Contando el coste del progreso

By Mary Harrington, author of Feminism Against Progress and speaker at the conference "Is Progress Belief or Fact?", organised by Protopia Lab.

I was raised to believe in progress – the more-or-less religious framework that governs much of modern culture in the West. This framework says there's a right side of history, and things can go on getting better forever.

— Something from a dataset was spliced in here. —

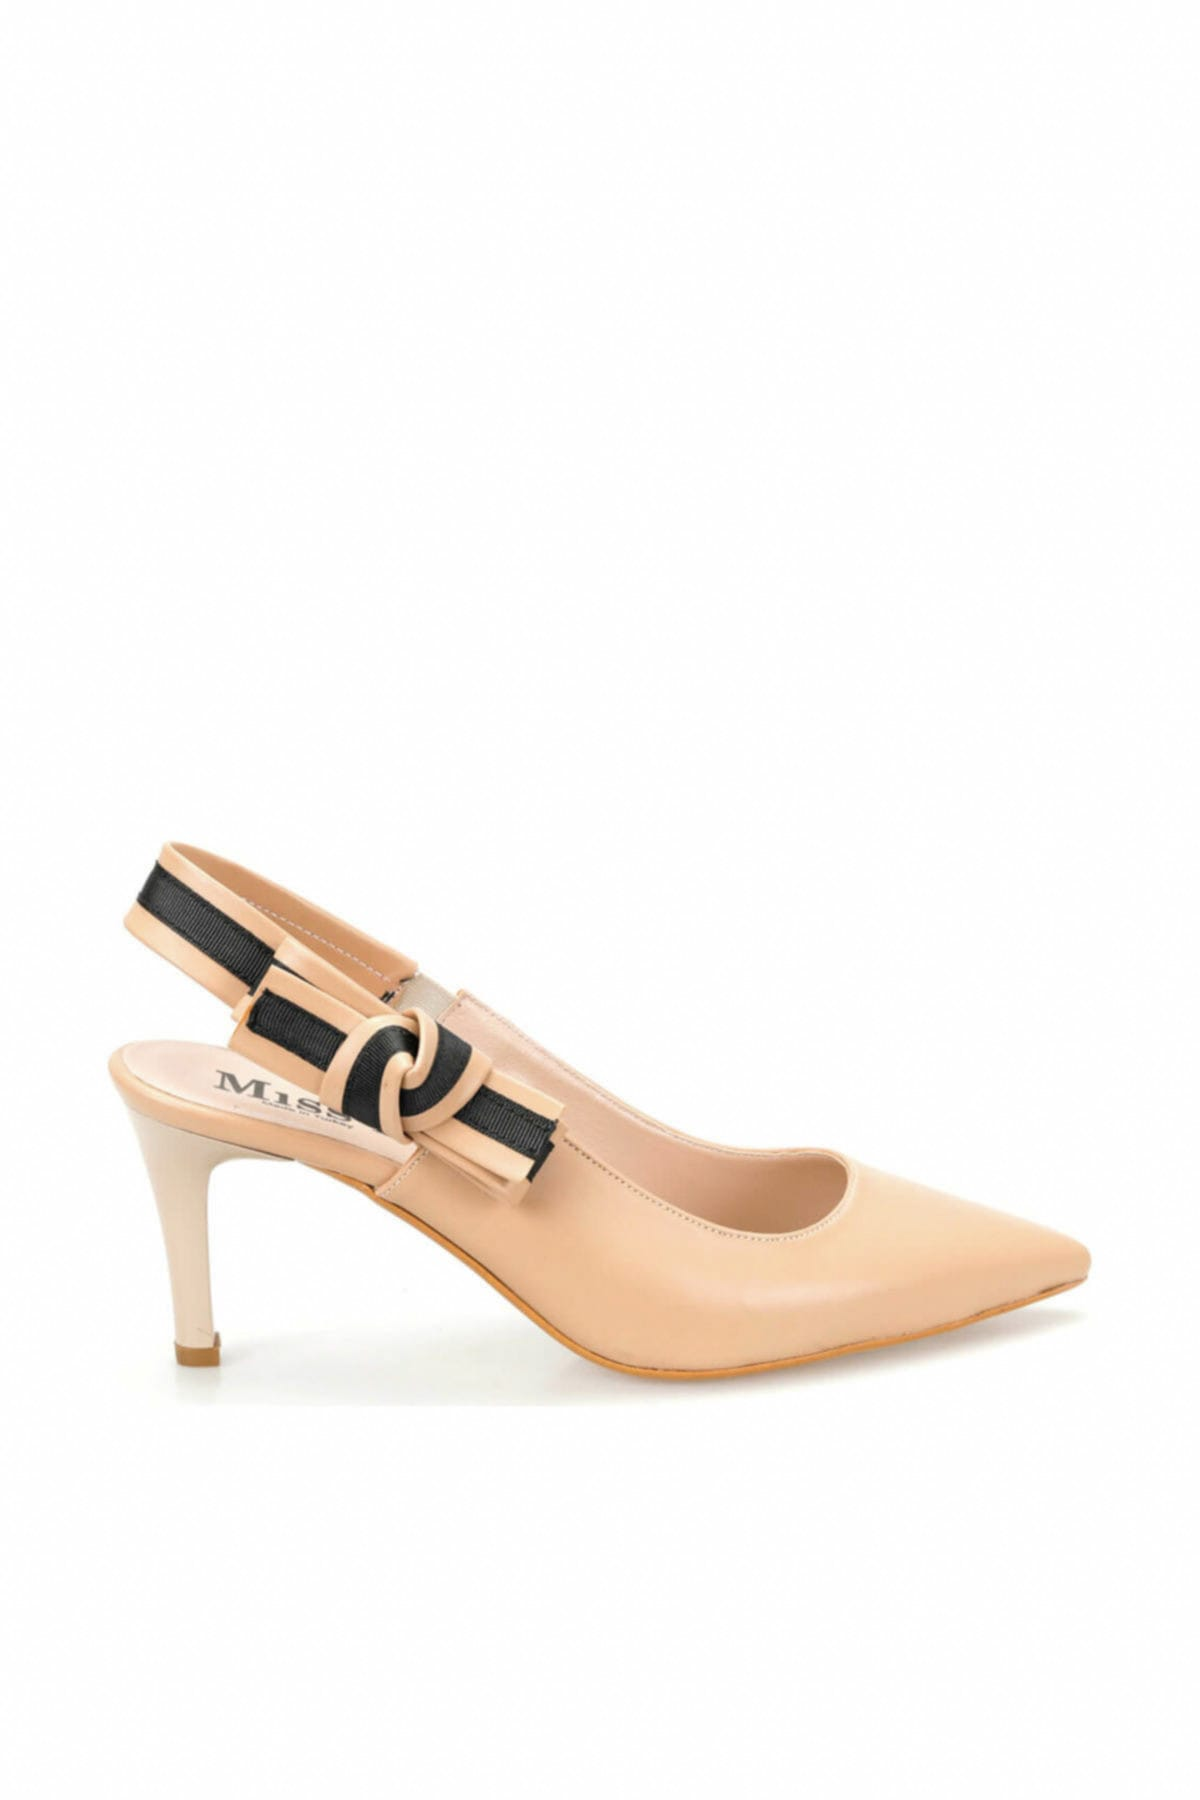 Miss F Ds19074 Bej Kadın Topuklu Ayakkabı 100382790 2

It's not self-evident, though, that humans have steadily progressed. That doesn't mean everything was perfect once and we're all going to hell in a handbasket. But pick a subject, and you'll find some things are better, while other things have become worse. If you're going to believe in progress, you have to define what you mean by progress. More stuff? More freedom? Less disease? Whatever your measure, you'll find that what looks from one vantage point like progress mostly seems that way because you're ignoring the costs.

We've grown immeasurably richer and more comfortable in the last three hundred years. But we did so on the backs of plundered, colonized, and enslaved peoples, and at the cost of incalculable environmental degradation. Meanwhile, torture in warfare hasn't gone away. Warfare hasn't gone away. Nor has hunger, misery, or human degradation.

For our purposes here, the key is to notice the underlying structure of belief: that there exists an axis along which progress can be measured, and that we're inexorably moving along that axis, from bad to less bad. Already back in 1991, social critic Christopher Lasch was asking how progressivism continued to assert such a grip when economic progress was certain to hit social and environmental limits in the end.

We need to re-imagine marriage as the enabling condition for radical solidarity between the sexes, and as the smallest possible unit of resistance to overwhelming economic, cultural, and political pressure to be lone atoms in a market. My aim isn't to stuff feminism back into its box, as if such a thing were even possible. But contra the prophets of progress, neither memes nor material conditions necessarily evolve only in the right direction.